Hannibal leaned back from the desk. It was a comfortable gesture, but Will felt the space between them expand. They’d been sitting with their heads almost together for almost twenty minutes. Being two feet apart felt huge now.
“My scalpels belonged to the hospital where I worked, Will, I didn’t buy them. When I left, I left them for whomever would come after me. For the most part.”
Will swallowed his sip and arched his eyebrows. “And the lesser part?”
“There were two or three that I took with me. Solid stainless steel, capable of being sharpened thousands of times in their lifespan and each time, cutting like new. Beautiful pieces, difficult to come by. Their theft is a sin I refuse to atone for. I still do my best work with those scalpels.”
Hannibal rolled down his sleeve, smoothing the wrinkles from his shirt as he went. He looked up halfway down, as though aware of the silence and Will’s gaze for the first time. “I use them to sharpen my pencils. Nothing else provides the taper I prefer when drawing.”
“Of course.” Will drained his glass and stood. “I should be heading out. The dogs are already waiting for dinner.”
Hannibal rose to accompany Will to the door, as he usually did. As Will shrugged on his coat, he said, “Tell me, Will: how did you come to find a scalpel in a pond at all? It brings to mind a certain needle in a haystack.”
“Oh. I must’ve seen it glinting in the light.” Will started on his buttons to avoid meeting Hannibal’s gaze, but that didn’t throw off the doctor.
“Must have? Must have seen the reflection of a scalpel through two feet of dirty water?”
Will nodded slowly, but he couldn’t avoid it. “I know what happened. It was just a glint off the water, but for a second… at a crime scene, it looked white and the right size…”
Hannibal waited for him to continue in that quiet therapist way he had. He didn’t step in to help Will finish their conversations. Will hated that sometimes, the way Hannibal would let him find his own way through sentences gone awry, gone too truthful for Will’s liking.
“I thought I saw a hand. Rising up from the water, like the mushroom farm. A white hand. The scalpel was just a coincidence.” Will finished buttoning his coat, still avoiding Hannibal’s eyes. He wasn’t crazy.
“A hand and a scalpel… rather reminds me of The Lady of the Lake. She bequeathed on Arthur Excalibur, and when he wielded it none could stand against him. He united Britain, they say, under one banner for the first time. I wonder what you could do with what you have been bequeathed.”

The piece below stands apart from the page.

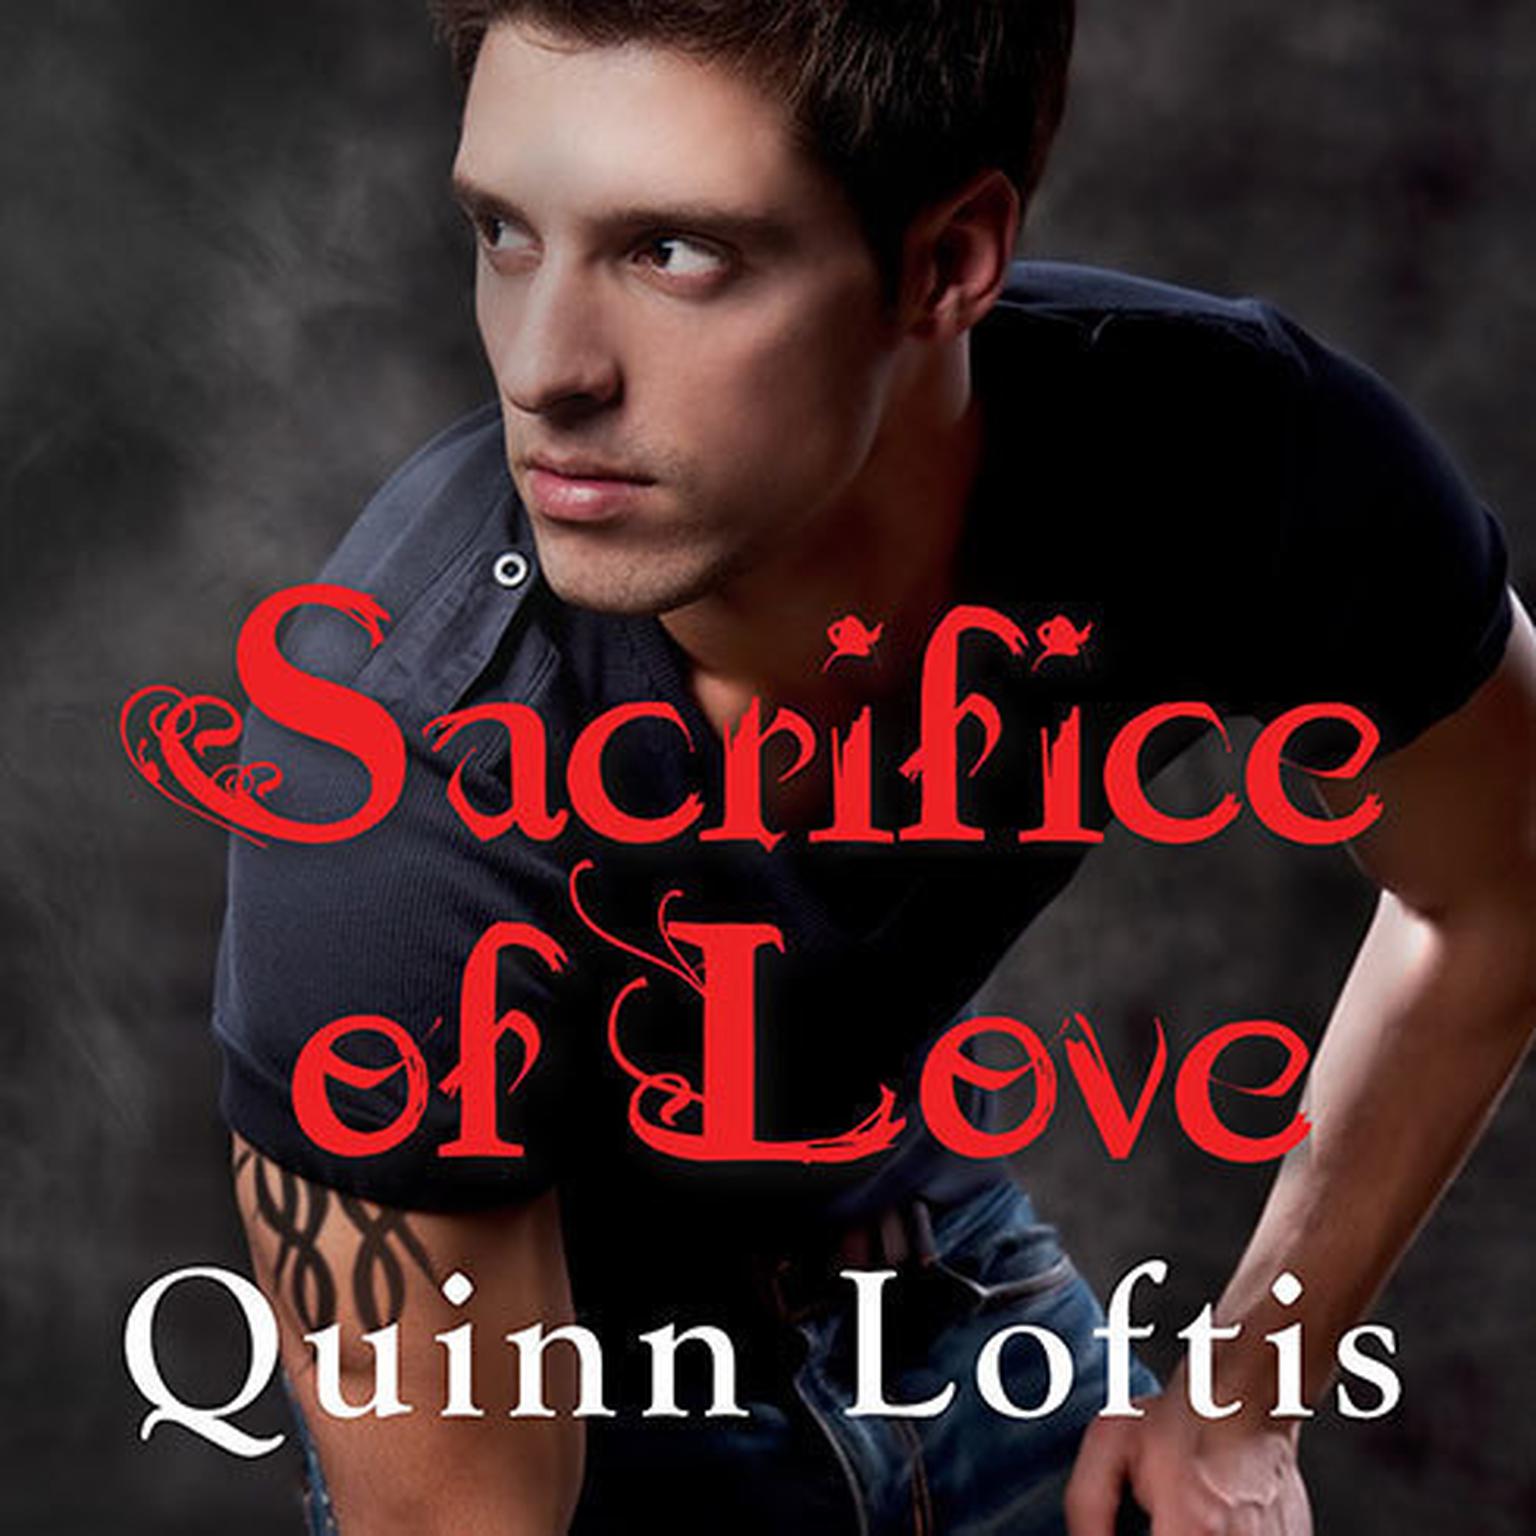 Sacrifice of Love Audiobook, by Quinn Loftis

Will looked up. Hannibal’s face was impossible to read, half-amused, half… something that defied categorization. Perhaps it simply pinged too close to an echo in Will, and he couldn’t tell what he was seeing in Hannibal and what he just wanted to see in Hannibal.
“Take up drawing, clearly.” Will’s voice was quiet.
“You’d be a wonderful artist, Will. You have an eye for detail.”
Hannibal leaned through Will’s space to open the door. Was it conditioner or cologne that smelled that way? The blast of cold night air drove the traces of thoughts from Will’s mind before he could gather them together into a coherent whole.
“Goodnight, Will. Let me know if your hand bothers you.”
“Goodnight, Hannibal.”
He turned and walked down the steps with his hand cradled close to his chest. On the drive home his hand ached a little, but every pulse lit up the phantom pressure of fingers on his wrist, and Will didn’t think of the case all night.